Страница 7 из 12
Что в пробке плохого!? Можно рассматривать все вокруг, к тому же неприятный таксист больше к ним не обращался и ничего не «взвешивал», открыл окно и разговаривал с другим таксистом, на противоположной стороне.
Ее поразили маленькие столики, стоявшие на тротуарах вдоль дороги. На каждом из них стояла банка с длинным носиком и блестящей ручкой, видимо с сахаром, а рядом серебристая штучка с салфетками. Сами предметы были не такими уж странными, но необычно было то, что они стояли прямо на улице, на столиках, вот так просто.
Позже, после возвращения в Москву, она сформулировала, что больше всего удивило ее в Испании. Нет, не коррида, не театр и даже не здания архитектуры Гауди. А туалет в аэропорту с садом внутри и столики с салфетками и сахарницами вдоль улицы.
За эти столики, пока они медленно ехали «эн ла карретера», садились люди, в основном пожилые, с газетами или журналами, заказывали кофе или еще что-то в маленьких рюмочках, возможно коньяк, выпивали, читали и обращались к прохожим. Вот, просто так сидели, пили кофе, читали и разговаривали со случайными людьми.
Неужели здесь так можно!? – с удивлением, подумала она. И это был радостный момент. Миранда почувствовала, что ей такого не хватало в Москве: людей, которые могут садиться за столики на улице, пить кофе, разговаривать, читать газеты.
Помимо этого, радостного открытия, было другое, нерадостное. К концу поездки, она утвердилась в своем мнении, что дедушка чего-то стыдится. Но, чего?!
Ответ на этот вопрос звучал совсем грустно, так, что сложно было в него поверить, хотя верить приходилось: Дедушка стыдится ее. Он стыдится своей внучки, своей любимой Миранды.
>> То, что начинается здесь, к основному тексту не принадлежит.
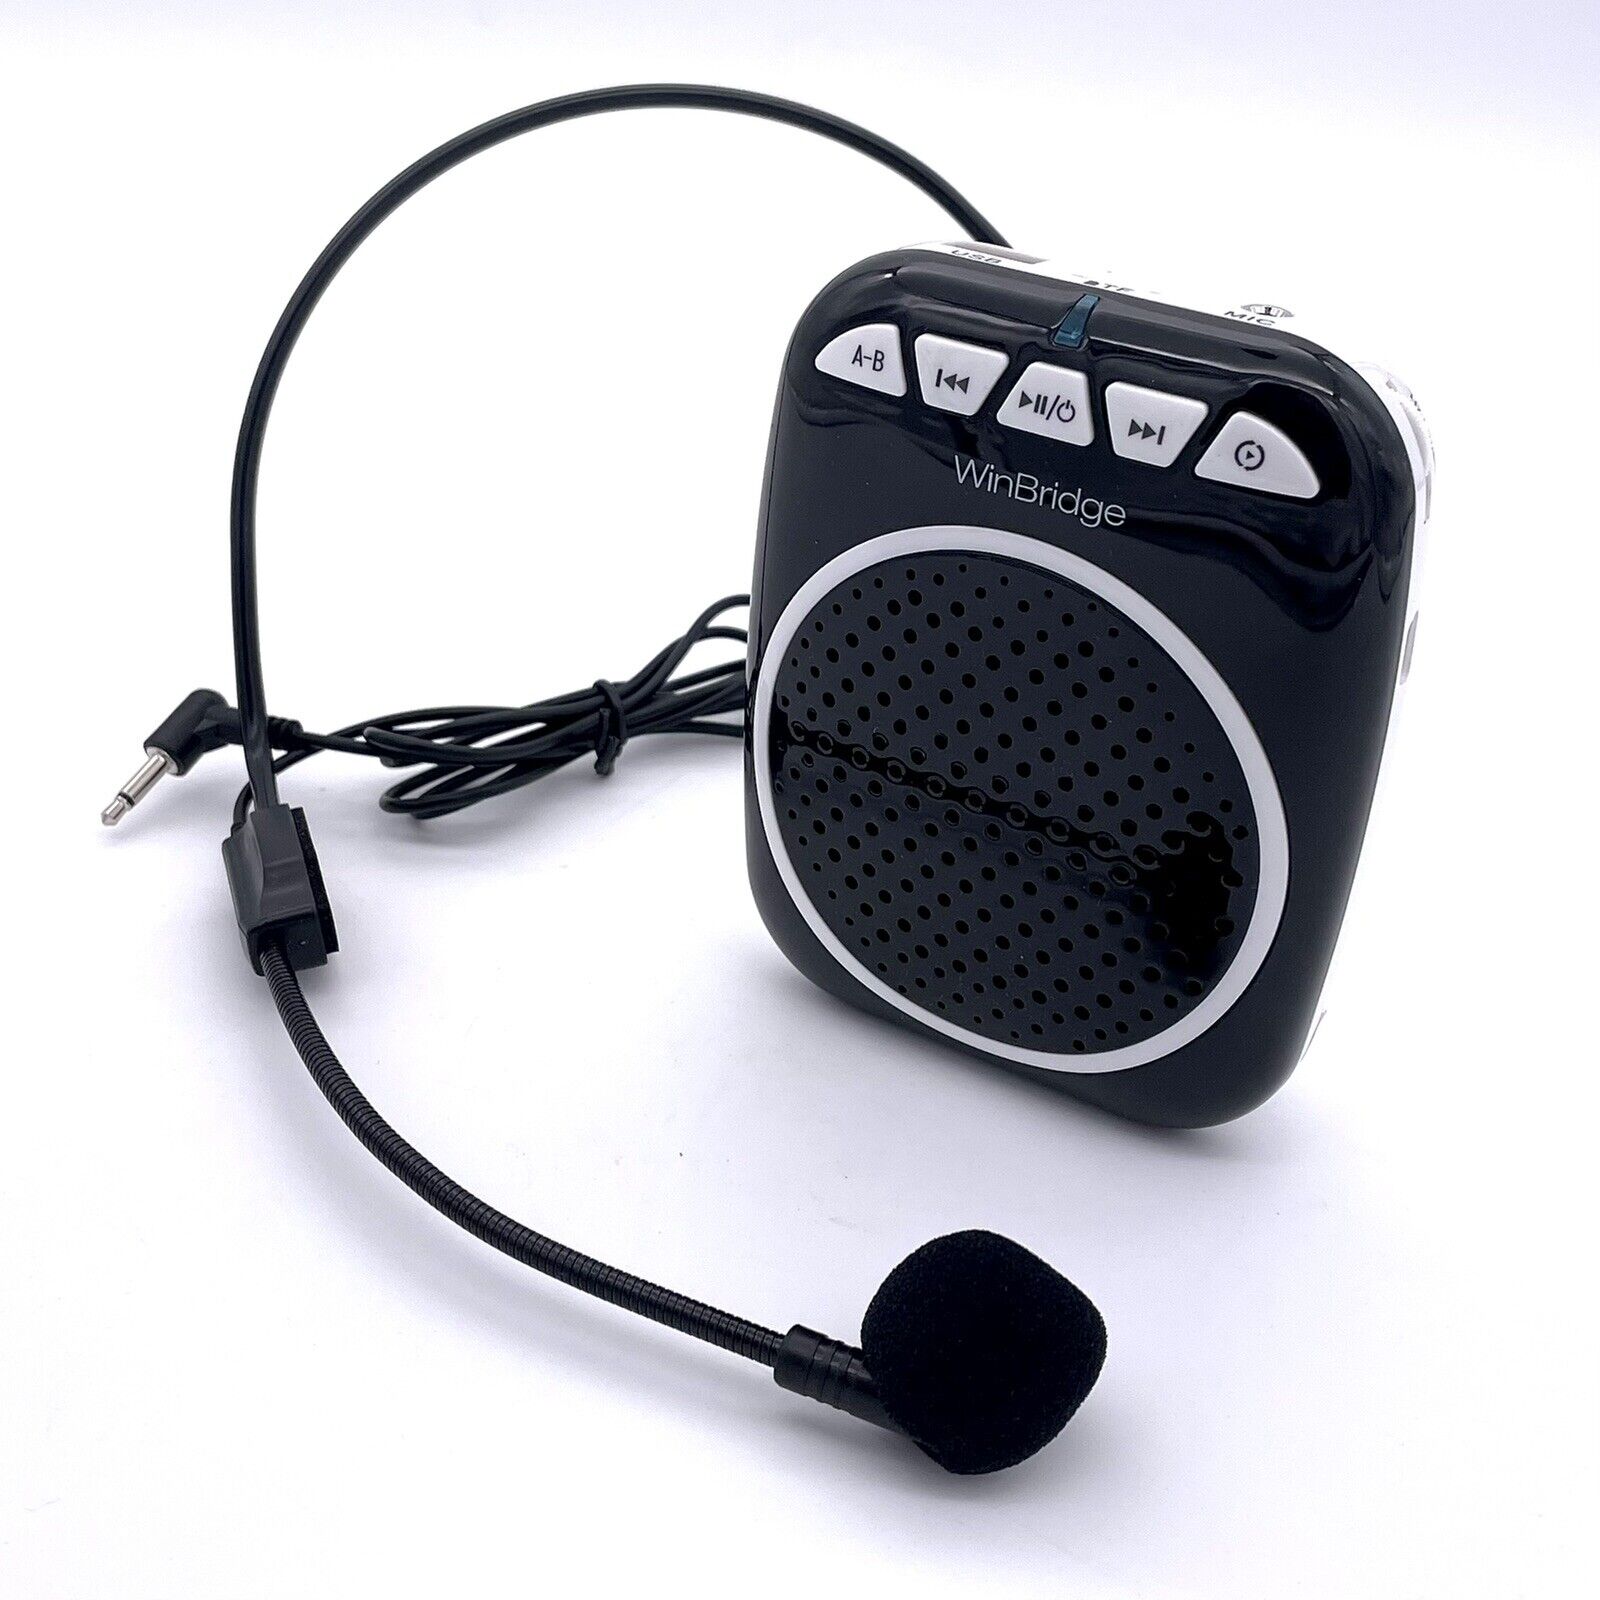 WinBridge Complete Free Max 87% OFF Shipping Portable Voice Amplifier Microphone Headset Perso with

Почему? За что!? А главное: почему здесь, когда они наконец-то там, где так долго мечтали побывать вместе?
Эти мысли перебила череда событий, когда они приехали к родственникам, которых Миранда раньше слышала только по телефону и видела только на фотографиях. Мелькание «журналов» продолжилось, правда не таких живописных, как в центре города. Множество знакомых-незнакомых лиц были, как будто она встретила актеров фильма, после снятия грима. Лица, раньше смотревшие с фотокарточек, были похожи, но прежнего лоска не было.
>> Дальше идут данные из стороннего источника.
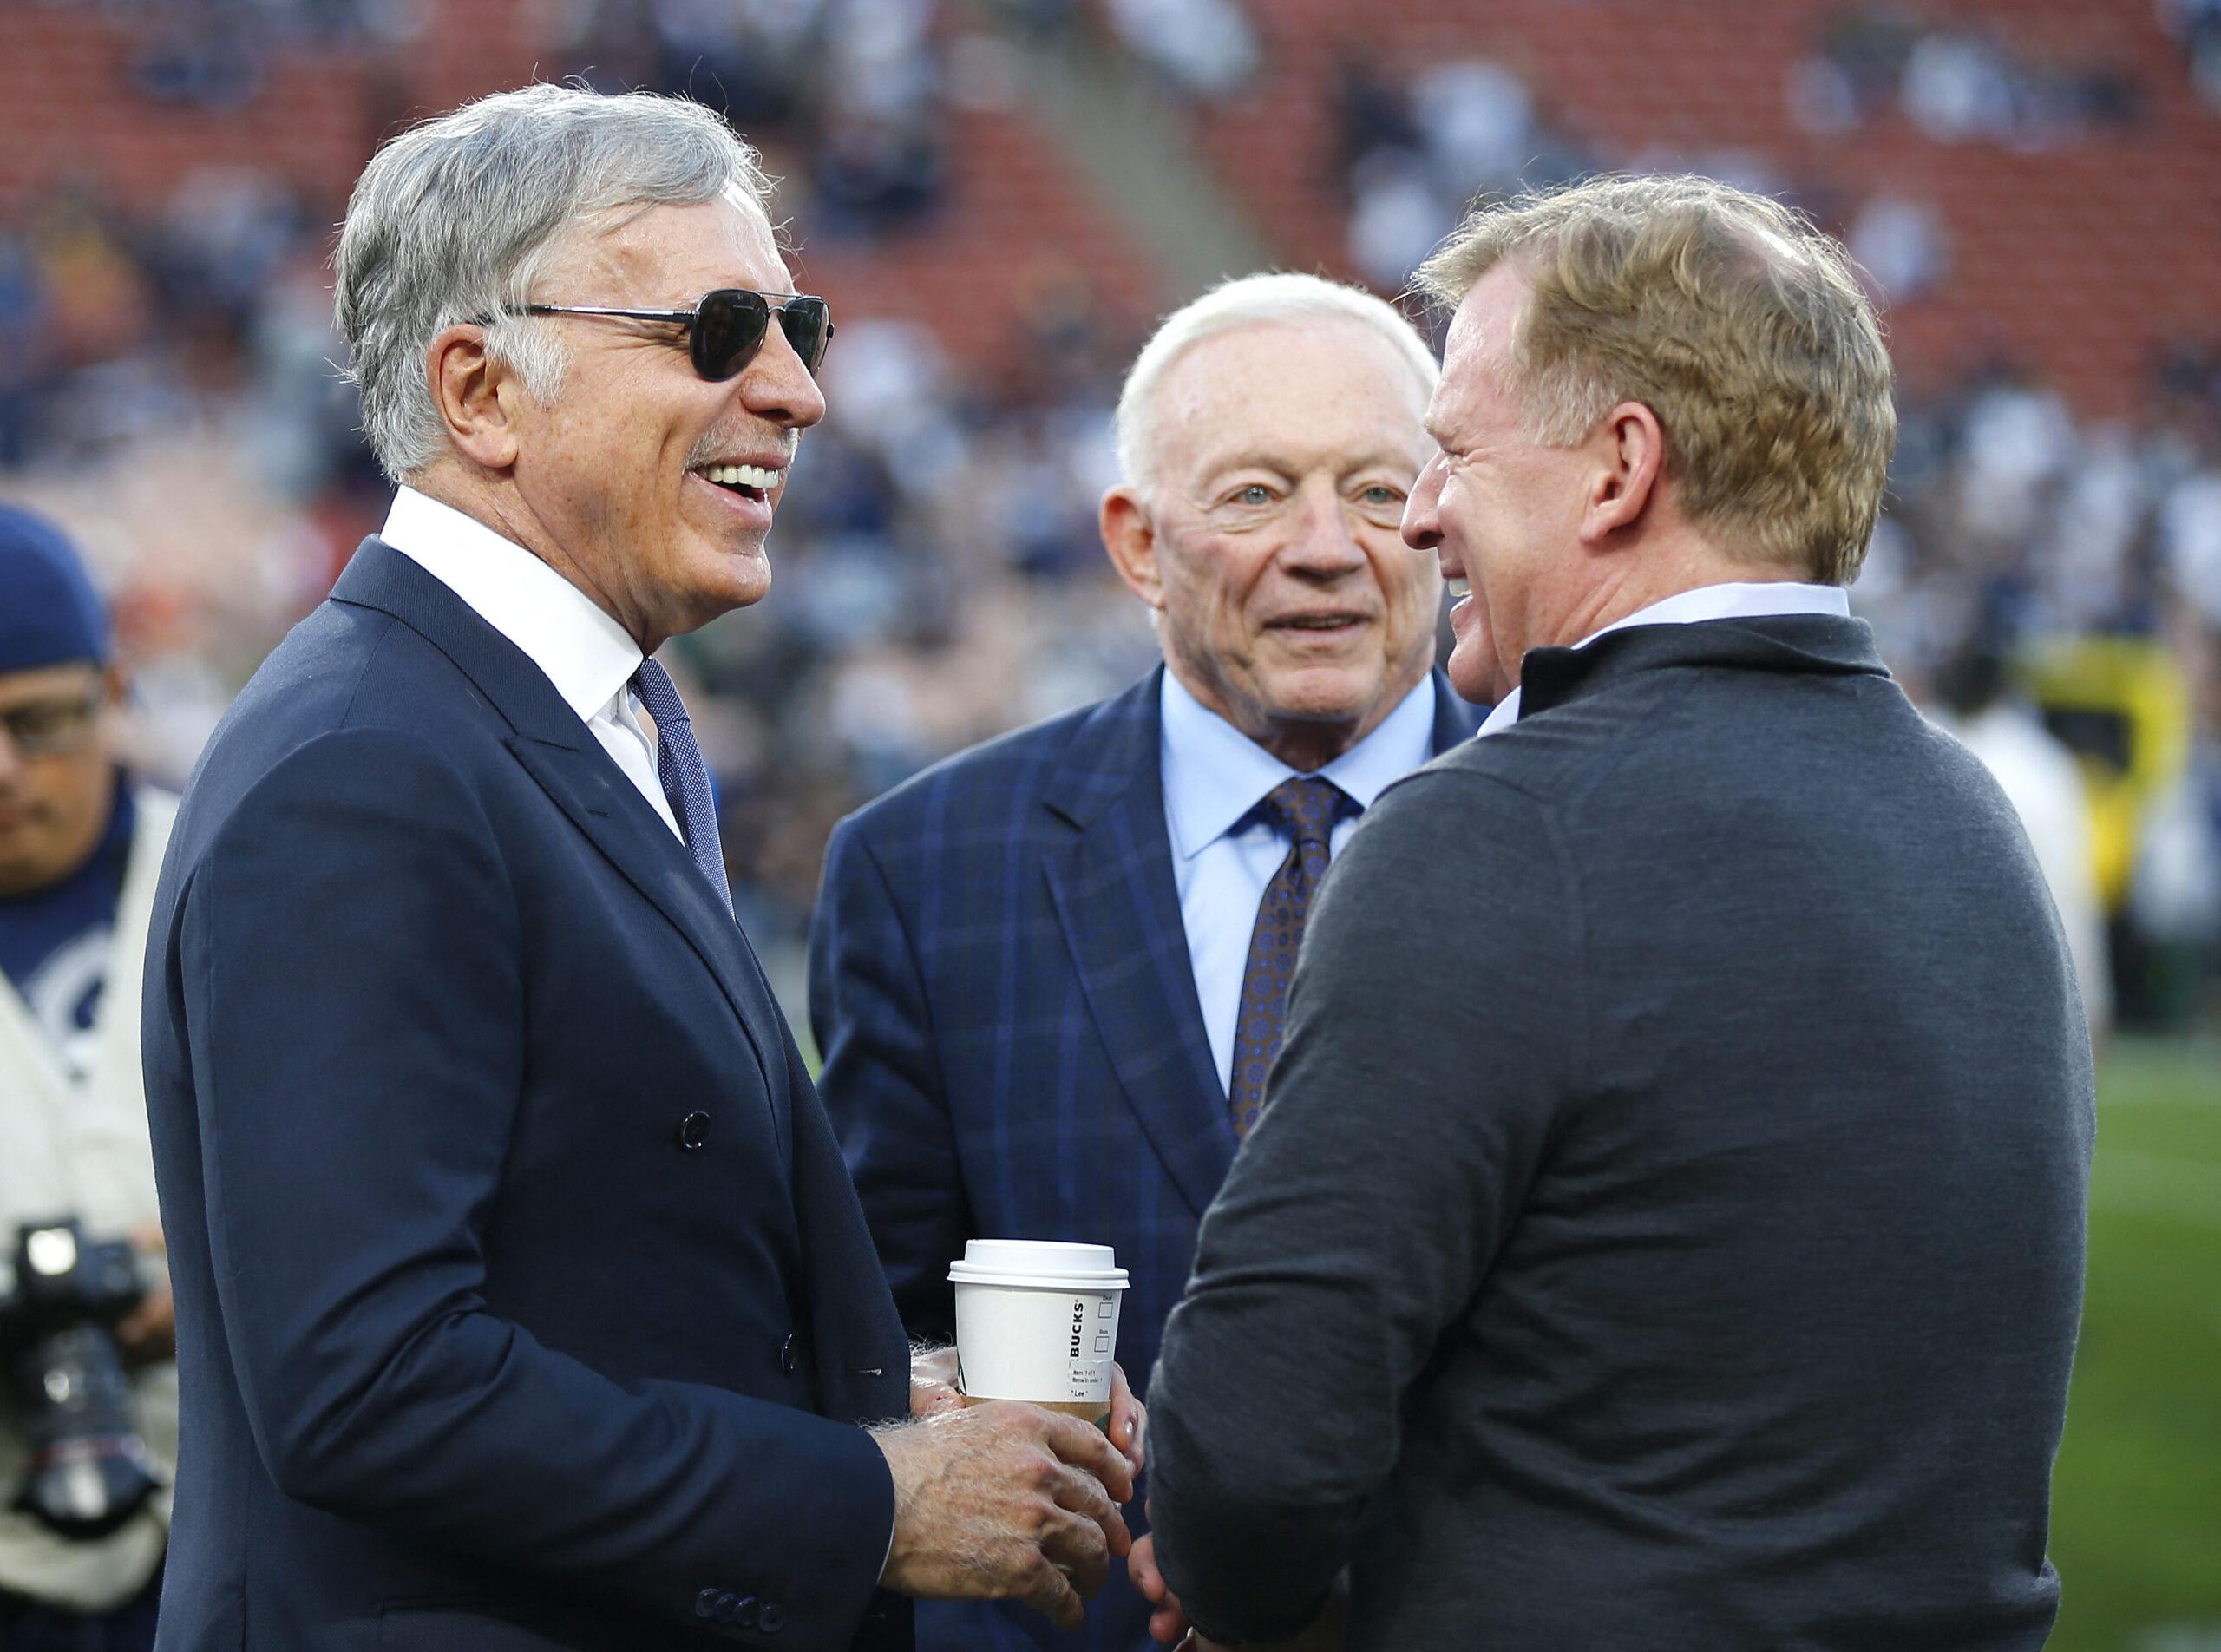 Los Angeles Rams owner Stan Kroenke, left, Dallas Cowboys owner Jerry Jones, and NFL Commissioner Roger Goodell talk before a NFC Divisional playoff game at the Los Angeles Memorial Coliseum. The Rams won 30-22.

Звучало множество голосов, некоторые «выквакивали» слова, как таксист, другие произносили, напротив, растянуто. А в целом, все смешалось в одну ярко-жаркую массу людей и эмоций, от которой она быстро почувствовала себя уставшей.
На какое-то время провалилась, вспомнила поездку в плацкарте в Николаевское с мамой. Где, в начале пути все сидели, чопорно разговаривая, вытирая пот платками, а после того, как стемнело и стало прохладней, достали еду и выпивку, и все приобрело противоположный вид: крики, анекдоты, смех. Миранда даже вспомнила, что их сосед все время рассказывал анекдоты, в основном смешные. Но, когда попадались неприличные, мама закрывала ей уши руками, а ее тогда жутко раздражали эти ее руки-селедки, с длинными сухими пальцами.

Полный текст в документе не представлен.